SUPPLIED MATERIAL:

--- START ---

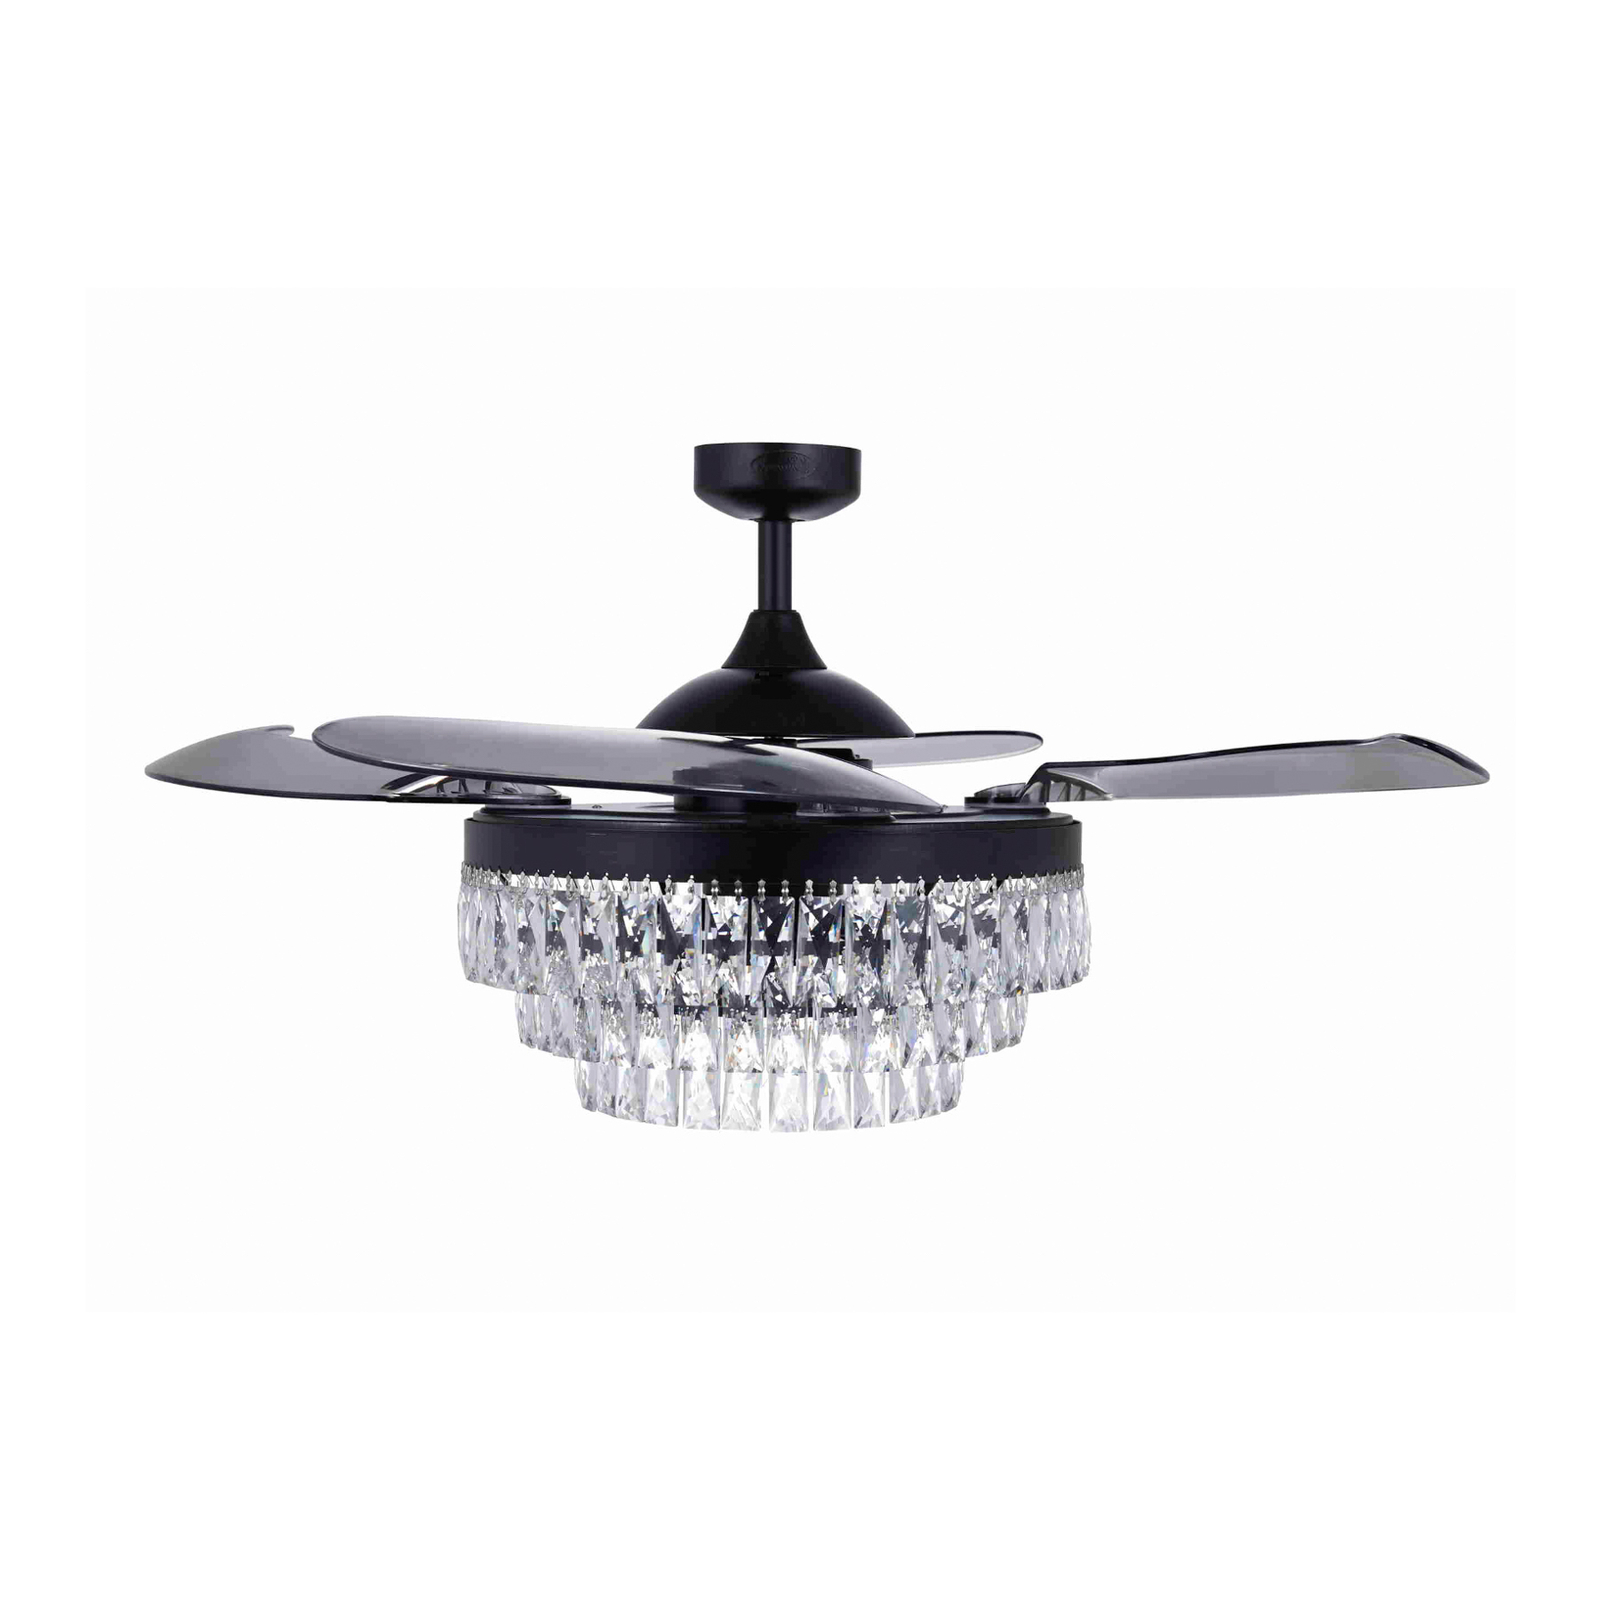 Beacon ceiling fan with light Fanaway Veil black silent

--- END ---
--- START ---

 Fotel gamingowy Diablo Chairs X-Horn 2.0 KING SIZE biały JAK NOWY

--- END ---
--- START ---

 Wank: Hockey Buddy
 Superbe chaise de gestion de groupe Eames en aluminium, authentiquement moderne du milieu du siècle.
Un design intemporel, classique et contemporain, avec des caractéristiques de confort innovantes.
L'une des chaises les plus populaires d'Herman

--- END ---

TASK DESCRIPTION: Give back, exactly as written, the stretch from the line with "Un design intemporel, classique" through the line with "L'une des chaises", and no other lines from the records above.

EXERCISE RESULT:
Un design intemporel, classique et contemporain, avec des caractéristiques de confort innovantes.
L'une des chaises les plus populaires d'Herman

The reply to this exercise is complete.